Publié le 30 septembre 2011 par Jeanchristophepucek
marco ricci paysage avec tempete

Marco Ricci (Belluno, 1676-Venise, 1730),
Paysage avec tempête
, 1701.

Huile sur toile, 89 x 146 cm, Madrid, Musée Thyssen-Bornemisza.

Il y a quelques semaines, Passée des arts rendait compte du travail mené par Leonardo García Alarcón sur un compositeur obscur, actif à Rome et à Lisbonne au XVIIIe siècle, Giovanni Giorgi. La curiosité insatiable du chef, nourrie par les travaux des musicologues Giuseppe Donato et surtout Nicolò Maccavino, auquel cette chronique doit beaucoup, nous permet de découvrir aujourd’hui un musicien de la seconde moitié du XVIIe siècle assez complètement oublié, Michelangelo Falvetti, au travers d’Il Diluvio universale, dont l’enregistrement vient de paraître aux Éditions Ambronay, festival qui a vu la recréation mondiale de l’œuvre à l’automne 2010.

Pour rencontrer Michelangelo Falvetti, il faut mettre le cap vers l’extrême sud de l’Italie où sa carrière s’est intégralement déroulée. Né à Melicuccà, en Calabre, le 29 décembre 1642, on ignore tout de son milieu d’origine, excepté le nom de ses parents, Antonio Falvetti et Francesca Crisafi, ainsi que l’existence d’un frère prénommé Vespasiano. Les conditions de sa formation restent également incertaines, car mentionnées dans une source unique, la Notitia de’ contrapuntisti e compositori di musica, écrite par Giuseppe Ottavio Pitoni entre 1695 et 1713, l’année même où il est ordonné prêtre demeure un mystère, on sait simplement qu’il était diacre du diocèse de Mileto en 1666. Si l’on en croit Pitoni, Falvetti a été l’élève de Vincenzo Tozzi (c.1612-1675), un compositeur originaire de Rome qui occupa les fonctions de maître de chapelle à la cathédrale de Messine de 1648 à sa mort. On peut, en suivant cette hypothèse, conjecturer un séjour du jeune musicien dans la cité sicilienne au cours des décennies 1650-1660, qui lui aurait permis de côtoyer, outre son maître dépositaire de la tradition romaine, des compositeurs sans doute un peu plus progressistes, tels Bernardo Storace ou Giovanni Antonio Pandolfi Mealli, deux hommes à la vie largement obscure, puisque les repères chronologiques les concernant, 1664 pour le premier, 1652-c.1669 pour le second, sont principalement déduits des dates de publication, mais ayant pour point commun d’avoir travaillé à Messine et utilisé, respectivement pour le clavier et le violon, un langage musical riche en inventions, voire en bizarreries, comme en expressivité ; Pandolfi aurait même dédié à Falvetti un Capriccetto a 3 dans un recueil de pièces publié à Rome en 1669 dont l’attribution est parfois contestée. À partir des années 1670, le parcours du Calabrais devient un peu mieux documenté, même si la date exacte de sa nomination en qualité de maître de chapelle de la cathédrale de Palerme demeure inconnue.

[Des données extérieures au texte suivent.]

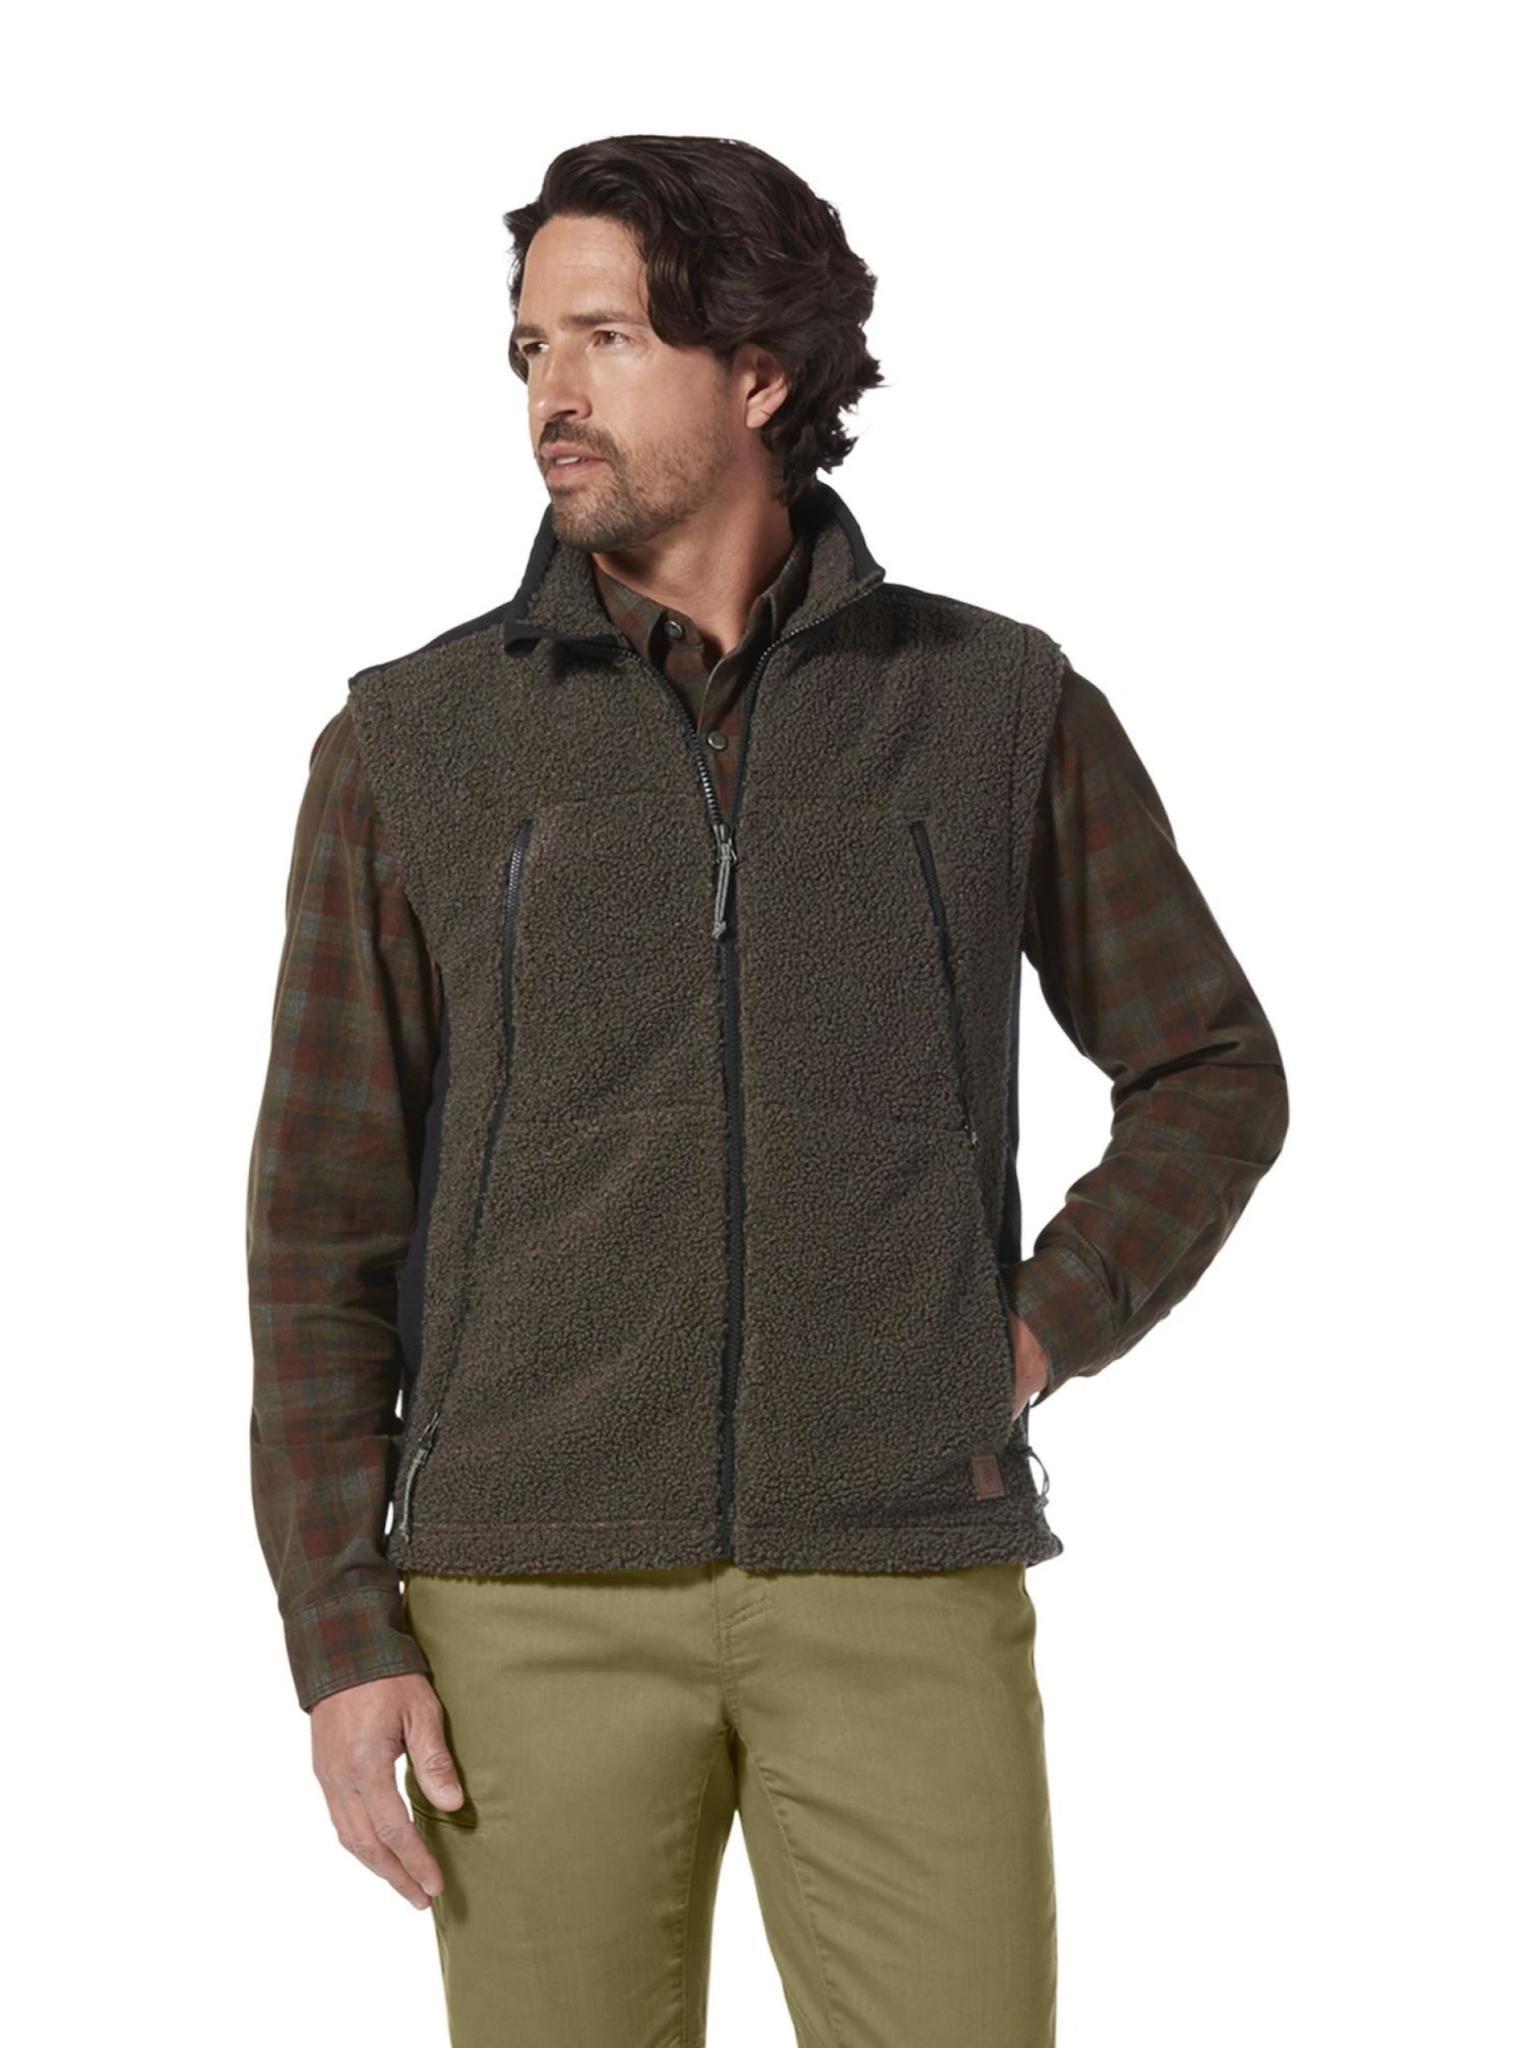 Royal Robbins Men's Outerzone Fleece Vest

salvator rosa umana fragilita
Outre des messes, dans le style aussi bien osservato que concertato, et des psaumes, il y produit ses premiers dialogues (oratorios), Abel figura dell’Agnello Eucaristico en 1676, La Spada di Gedeone en 1678 et La Giuditta en 1680, tout en contribuant à l’organisation de la vie musicale de la cité par la fondation de l’Union des musiciens de Sainte Cécile, dont les statuts sont officiellement approuvés le 19 décembre 1679. Les raisons qui poussent Falvetti à rejoindre Messine, où on le retrouve dans les premiers mois de 1682, n’ont pas été élucidées. Il y occupe, là aussi, les fonctions de maître de chapelle de la cathédrale, mais, fait nouveau si l’on considère sa production antérieure, y compose aussi bien de la musique profane que sacrée : l’année de son arrivée, il donne ainsi un drama tragicomico, È Giusto il Fato, et un dialogue, Il Diluvio universale. Suivront encore, dans ce dernier domaine, Il Nabucco en 1683 et Il Trionfo dell’anima en 1685. Falvetti meurt à Messine le 18 juin 1692.

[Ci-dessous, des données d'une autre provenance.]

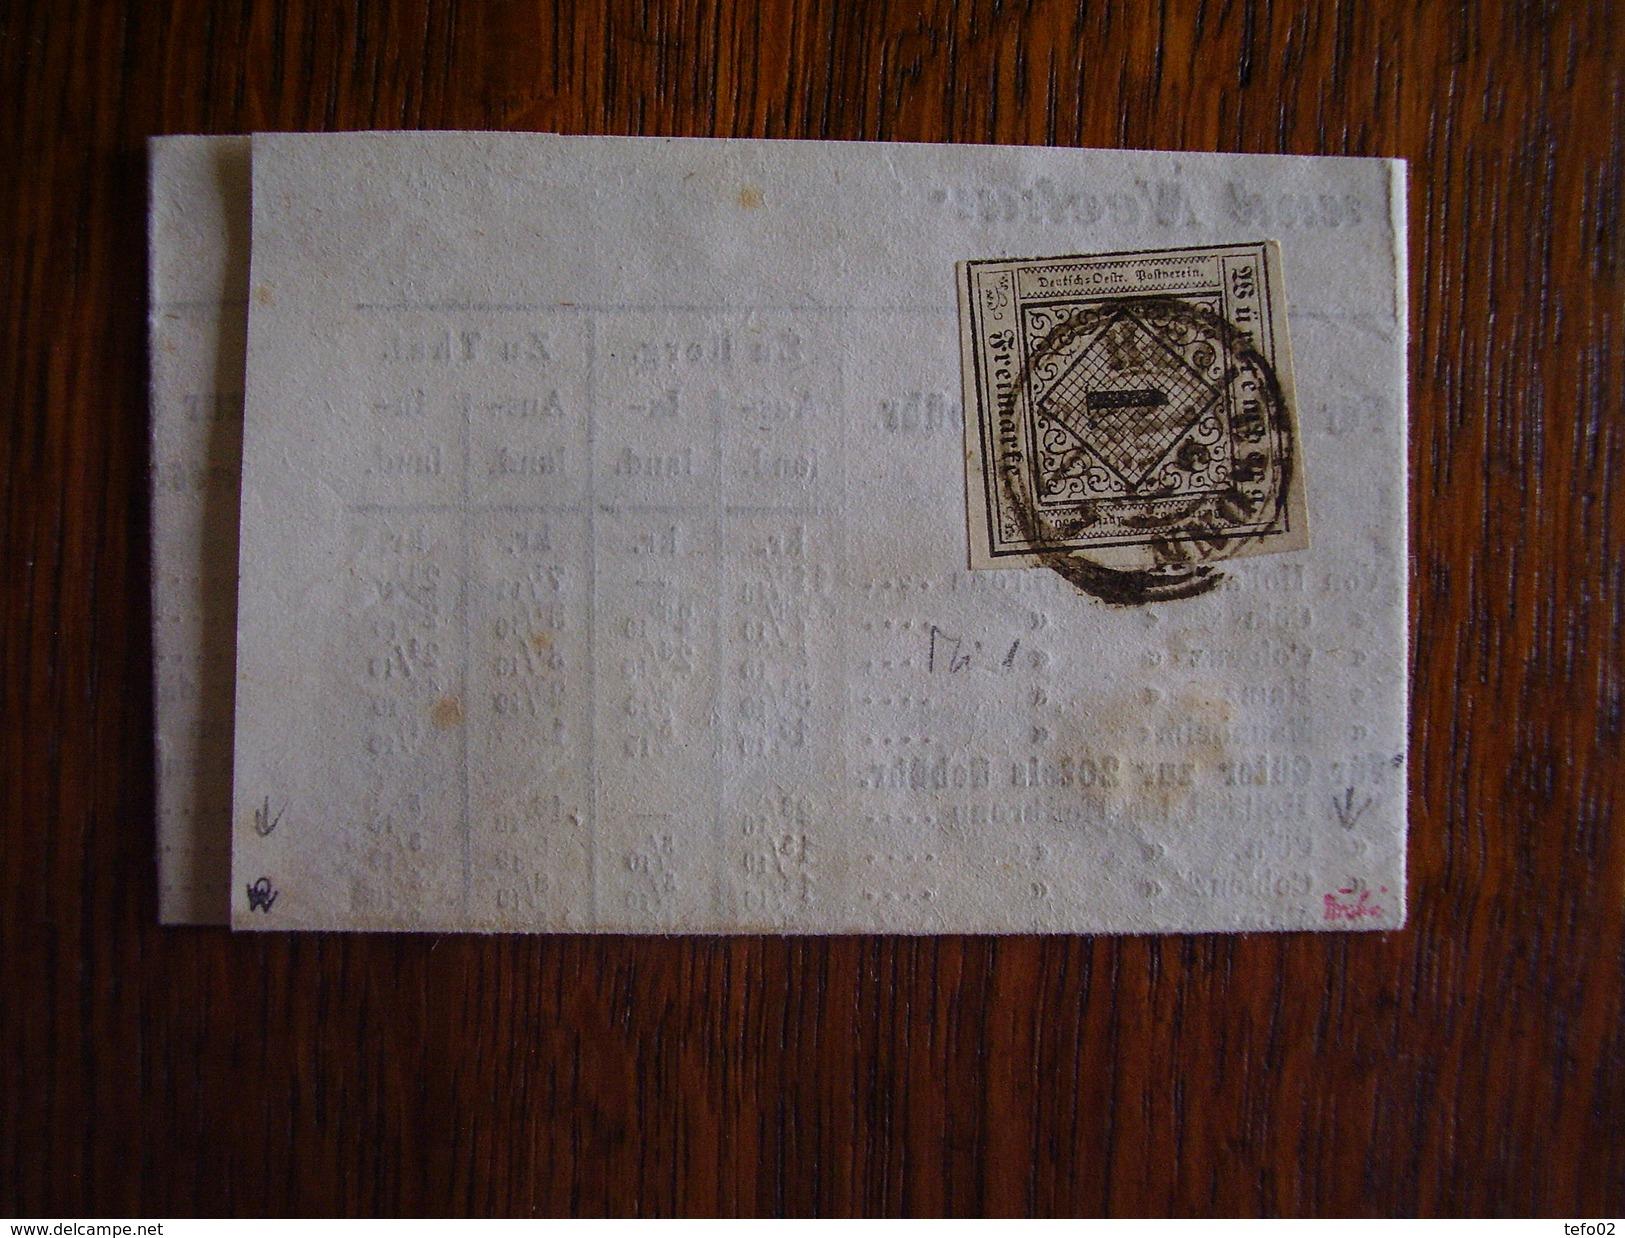 Antichi Stati Tedeschi. Importante Insieme Di Corrispondenze. Descrizione. 67 Foto - Allemagne

Si on le compare avec ce que l’on connaît des oratorios composés dans le dernier quart du XVIIe siècle en Italie, Il Diluvio universale apparaît, sur bien des points, comme une partition assez atypique. Le choix d’un sujet tel que le Déluge, quelles que soient les intentions politiques qui aient pu, par ailleurs, le déterminer, imposait obligatoirement un traitement fortement dramatique, une exigence parfaitement comprise aussi bien par le musicien que par son librettiste, Vincenzo Giattini (1630-1697), dont le texte délaisse toute velléité de bavardage au profit d’une densité et d’une efficacité remarquables. Il faudrait, pour mesurer avec toute la précision souhaitable l’originalité de cette mise en musique, pouvoir la remettre en perspective avec les autres oratorios de Falvetti, mais circonscrite à elle-même, elle présente déjà bien des traits fascinants. Tout en se souvenant de la tradition romaine d’un genre fortement marqué par Carissimi, ce que démontrent, par exemple, certains airs accompagnés par la seule basse continue mais surtout le poids accordé aux interventions du chœur, considéré comme un acteur du drame à part entière, le compositeur déploie une inventivité assez formidable soutenue par un très solide métier qui lui permet de varier ses effets à l’infini. Tournures opératiques, rythmes de danse, comme dans cette extraordinaire tarentelle de la Mort, référence évidente aux danses macabres (« Ho pur vinto »), effets illustratifs (Sinfonia di tempeste), chromatismes appuyés (comme dans l’impressionnant chœur « E chi mi dà aita »), syncopes, tout est bon pour viser à une expressivité maximale, pour exacerber le théâtre, quitte à frôler parfois la grandiloquence, afin de provoquer chez l’auditeur un maelström d’émotions propre à exciter sa crainte de Dieu et à le faire réfléchir sur sa propre condition de mortel.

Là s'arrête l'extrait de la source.